The breakdown of any interpersonal relationships, or arguments with loved ones were the worst. Every single argument, I would hold onto every angry thing that the other person said, everything that they never meant in the first place would swarm around my head like angry bees constantly. I could not let things go, surely if they said that, they must mean it? Why would they say something they don’t mean? That’s completely illogical. God forbid a relationship ended, or a friendship fizzled out. That really was the end of the world, every piece of blame would either go on me, or on them, or I would split it equally between us so that I could be angry at more than one person. I couldn’t understand how other people thought, why they acted in the way they did, why they would say the things that they did.
It was like this for 4 years. That’s a long time to be angry at everything, to feel suffocated by your own thoughts. Now looking back on it, I realise that I probably wasn’t even angry at the particular situations that were happening, I was just so overwhelmed by all the negativity surrounding me that I couldn’t fathom positive thinking or optimism in any sense of the words. It was a sad existence, and I don’t blame the people that left me during that time period of my life. I would have left me too. Nobody should have to deal with that.

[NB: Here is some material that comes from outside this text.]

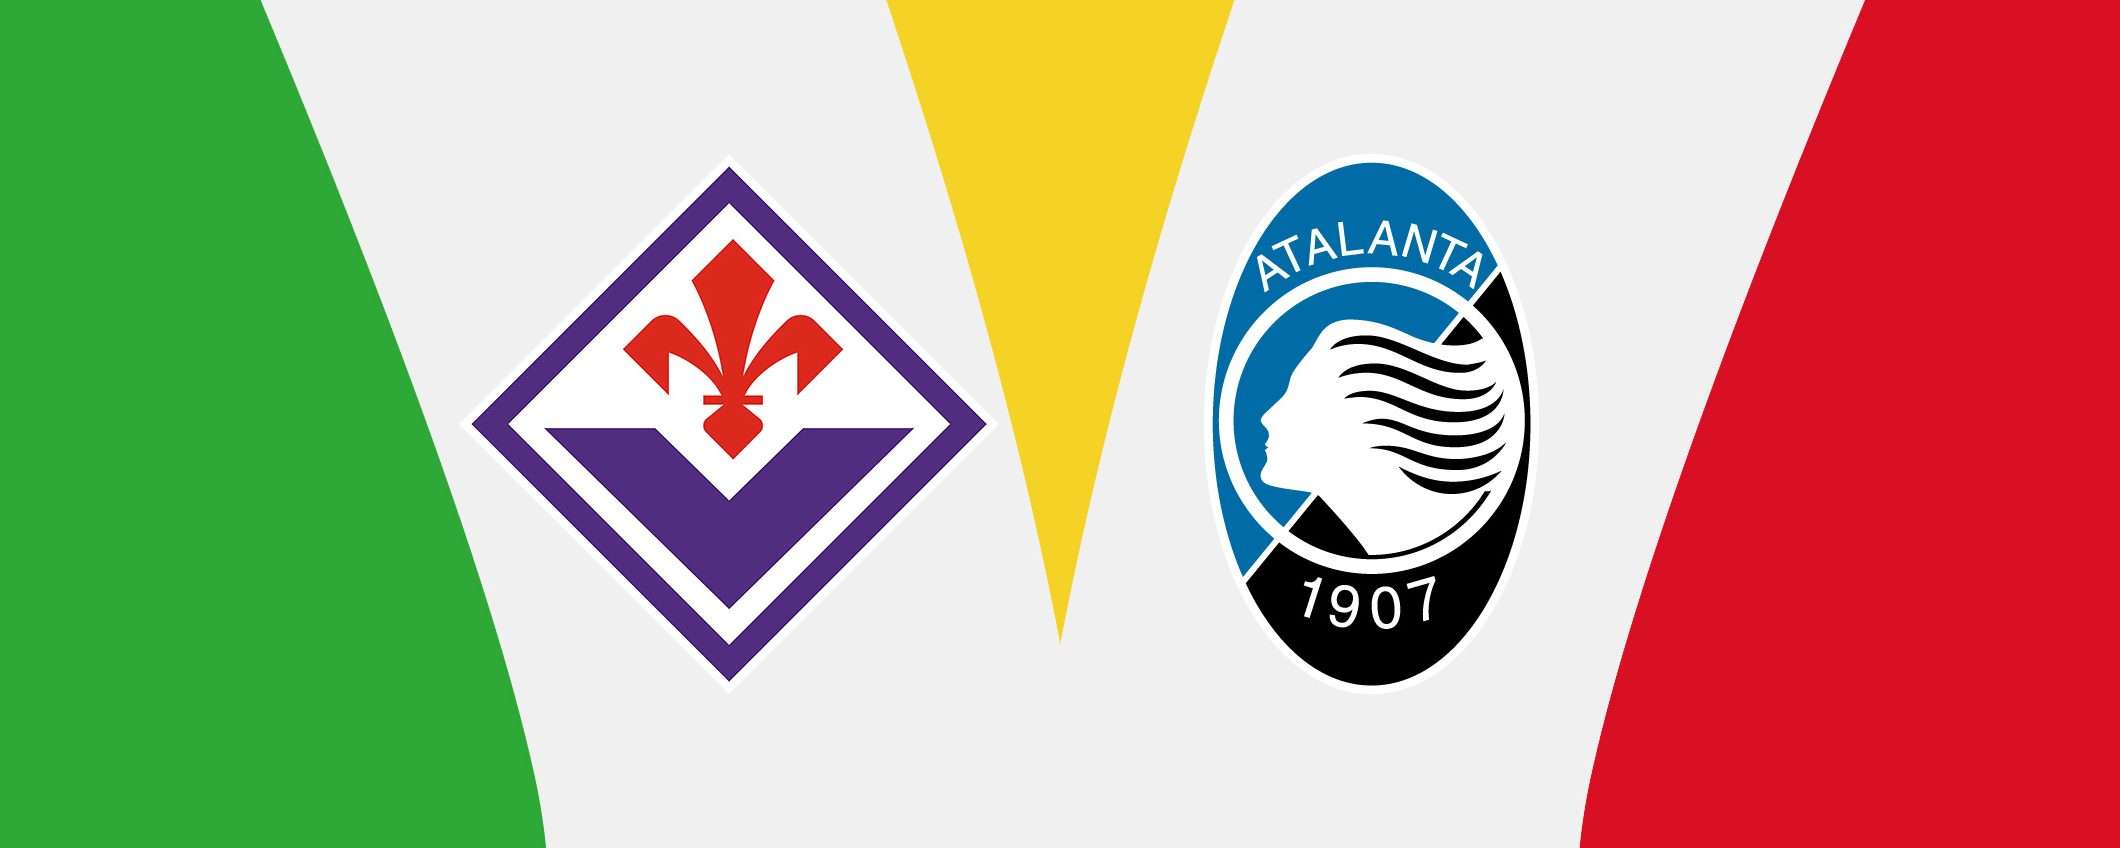 Fiorentina-Atalanta (Coppa Italia): guardala in streaming dall'estero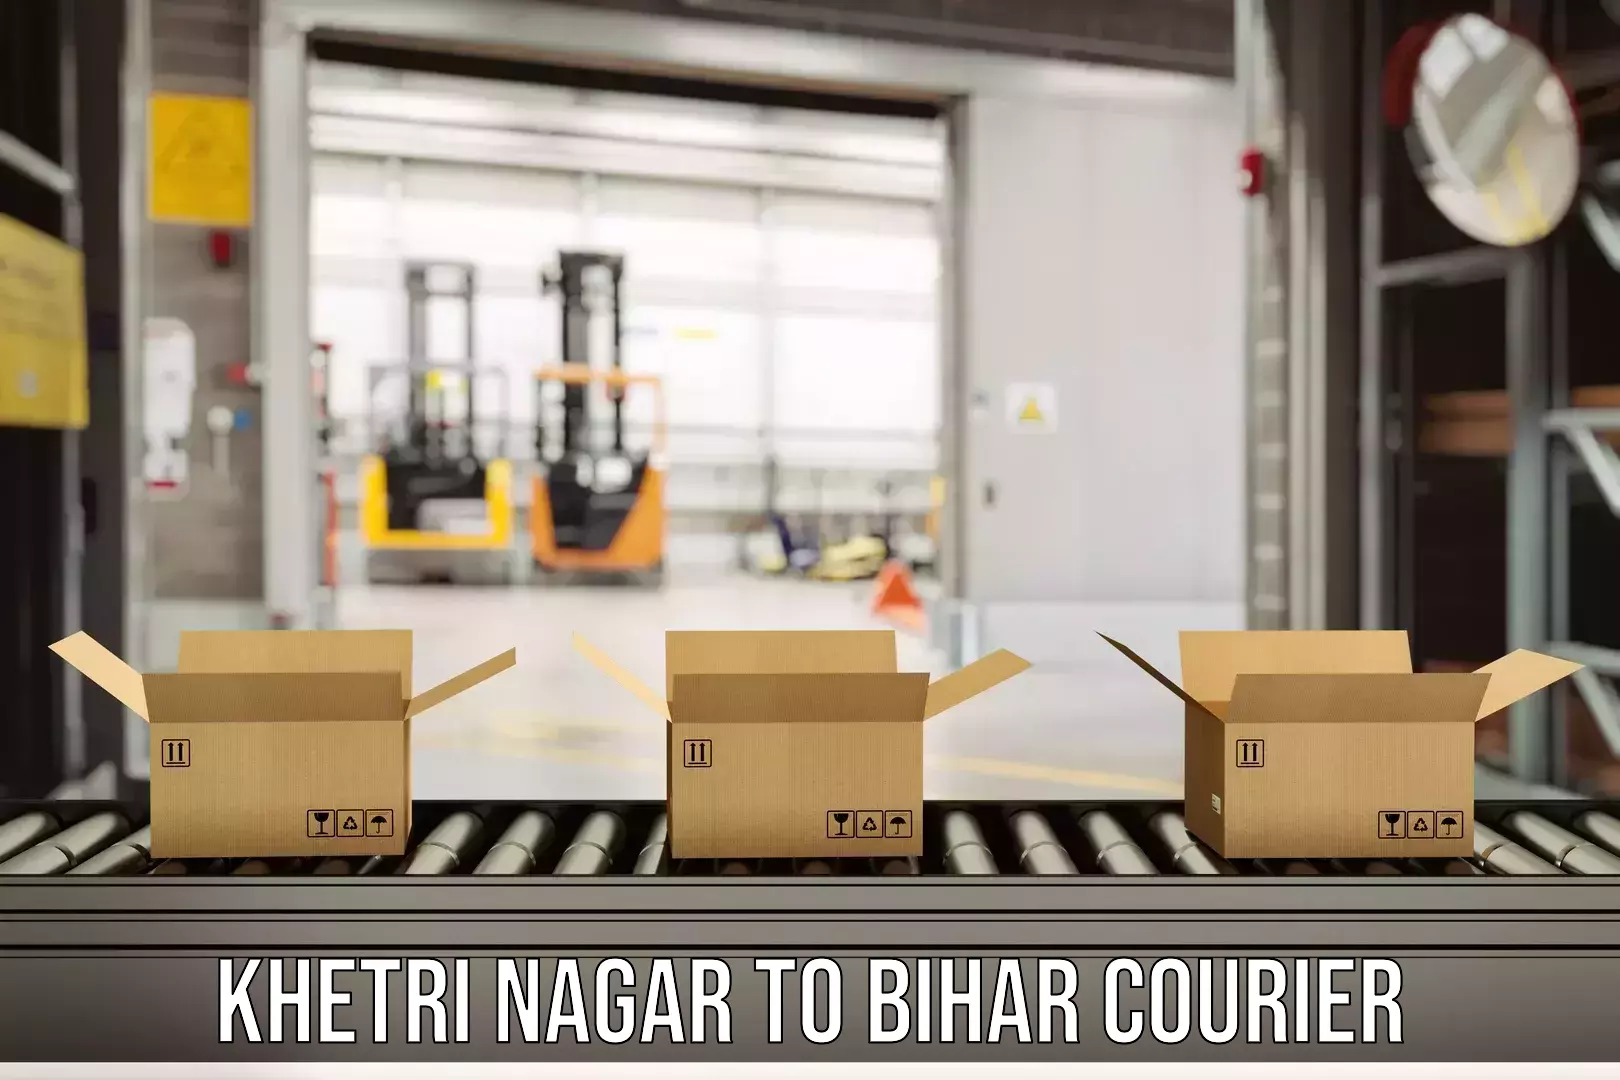 Modern delivery methods Khetri Nagar to Sheohar

I went through a break up recently. The most significant break up of my life so far, which really says something about me considering it was only 2 years long. We had organised a lot of things for a future together, and gone through a lot of things together which I was slowly learning to let go of as they happened. He helped me to understand myself through the stuff he did which made me go back to that place. It started happening more often, and I started to realise the things that would trigger me back into my cloud swarm. I started to learn how to avoid them. I walked away. I took a breath. I meditated. I spoke to people. I thought about what I said before I said it.
Today is the first day I’ve felt fully free from those clouds. I had an argument with somebody, I walked away and I sat in silence for a while, and when I came back? I had let it go. It had truly gone, any emotion of anger or bitterness or sadness that I had felt in the argument had gone. I wasn’t angry at the other person anymore, I just felt sad for them. I felt enlightened by what I had taught myself. I just felt so free from who I used to be, who I was back then. There is nothing better than that.